BankAccountExceptionTest.java
class BankAccountExceptionTest {

private BankAccount account;

@BeforeEach
void setUp() { account = new BankAccount(100.0); }

@Test
void withdraw_moreThanBalance_throwsInsufficientFunds() {
// assertThrows returns the exception so you can inspect its message
InsufficientFundsException ex = assertThrows(
InsufficientFundsException.class,
() -> account.withdraw(200.0) // this line should throw
);
assertTrue(ex.getMessage().contains("Insufficient"));
}

@Test
void constructor_negativeInitialBalance_throwsIllegalArgument() {
assertThrows(IllegalArgumentException.class,
() -> new BankAccount(-50.0));
}

@Test
void deposit_zeroAmount_throwsIllegalArgument() {
assertThrows(IllegalArgumentException.class,
() -> account.deposit(0));
}
}

Key point: assertThrows asserts the lambda throws AND returns the exception for further inspection — far cleaner than a try/catch block.


Example 4: Parameterized Deposit Tests

Instead of writing one test per deposit amount, use @ParameterizedTest:

BankAccountParamTest.java
import org.junit.jupiter.params.ParameterizedTest;
import org.junit.jupiter.params.provider.*;

class BankAccountParamTest {

@ParameterizedTest(name = "Depositing {0} → balance should be {1}")
@CsvSource({
"50.0, 150.0",
"0.01, 100.01",
"200.0, 300.0"
})
void deposit_variousAmounts_updatesBalance(double depositAmount, double expectedBalance) {
BankAccount account = new BankAccount(100.0);
account.deposit(depositAmount);
assertEquals(expectedBalance, account.getBalance(), 0.001);
}

@ParameterizedTest(name = "Invalid deposit amount: {0}")
@ValueSource(doubles = {0.0, -1.0, -100.0})
void deposit_invalidAmounts_throwException(double invalidAmount) {
BankAccount account = new BankAccount(100.0);
assertThrows(IllegalArgumentException.class,
() -> account.deposit(invalidAmount));
}
}

What to observe:

  • @CsvSource provides multiple rows of (input, expected-output) pairs.
  • @ValueSource provides a single input per row.
  • The name attribute formats the test report: instead of [1], you see "Depositing 50.0 → balance should be 150.0".

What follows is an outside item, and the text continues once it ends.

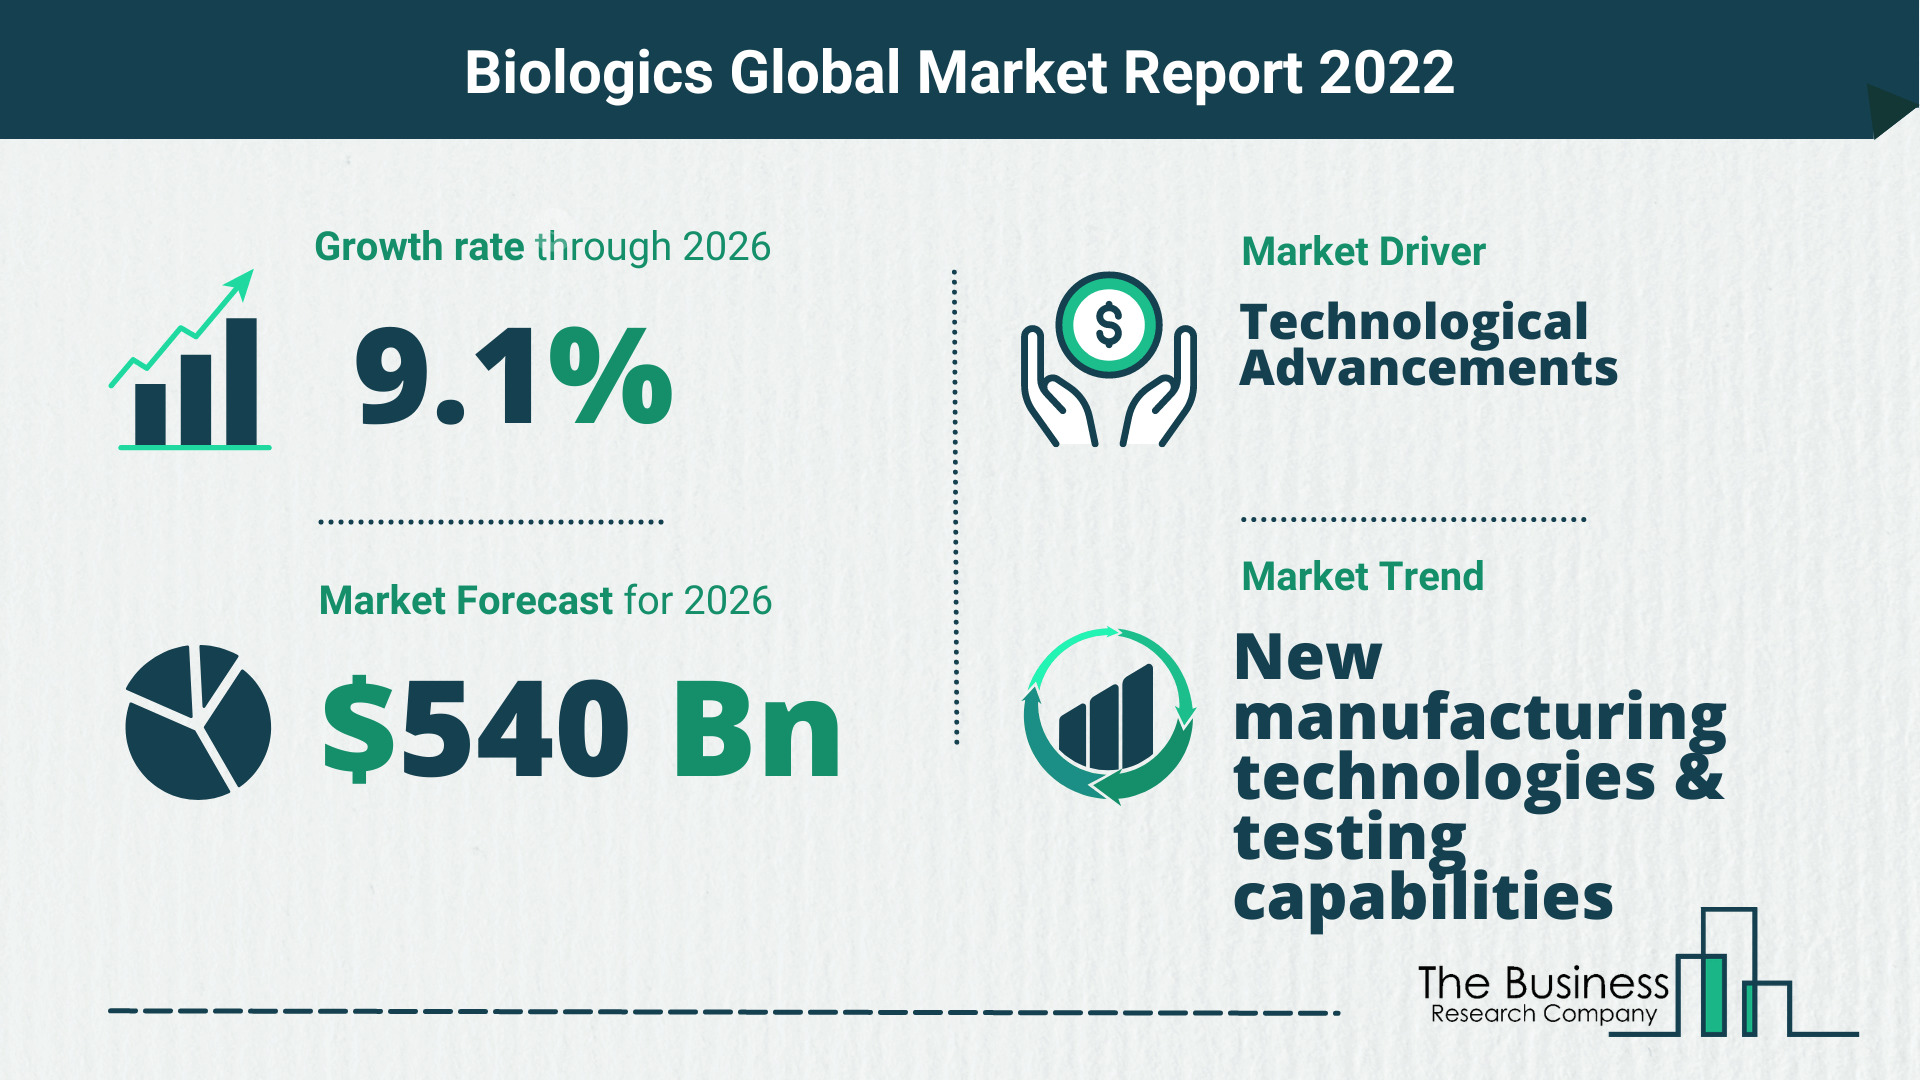 Global Biologics Market

Example 5: Nested Tests for Structured Scenarios

BankAccountNestedTest.java
@DisplayName("BankAccount")
class BankAccountNestedTest {

@Nested
@DisplayName("given an account with £100")
class WithHundredPounds {

BankAccount account;

@BeforeEach
void setUp() { account = new BankAccount(100.0); }

@Nested
@DisplayName("when withdrawing £50")
class WithdrawFifty {

@BeforeEach
void doWithdraw() { account.withdraw(50.0); }

@Test
@DisplayName("balance is £50")
void balanceIsFifty() {
assertEquals(50.0, account.getBalance(), 0.001);
}

@Test
@DisplayName("a second withdrawal of £60 fails")
void secondWithdrawFails() {
assertThrows(InsufficientFundsException.class,
() -> account.withdraw(60.0));
}
}
}
}

What to observe:

  • @Nested classes mirror the structure of the production class scenarios.
  • Each nested class can have its own @BeforeEach.
  • The test report tree looks like: BankAccount > given an account with £100 > when withdrawing £50 > balance is £50.

Running the Tests

With Maven:

# Run all tests
mvn test

# Run only tests tagged "unit"
mvn test -Dgroups=unit

# Run a specific test class
mvn test -Dtest=BankAccountTest

With Gradle:

./gradlew test
./gradlew test --tests "BankAccountParamTest"

What You've Practiced

ConceptExample
@BeforeEach for test isolationExamples 2, 3
assertEquals, assertThrows, assertAllExamples 2, 3
@ParameterizedTest + @CsvSource + @ValueSourceExample 4
@Nested for structured scenariosExample 5
@DisplayName for readable reportsAll examples

Next, try adding a TransferService that moves money between two accounts and write tests for concurrent transfers using @RepeatedTest.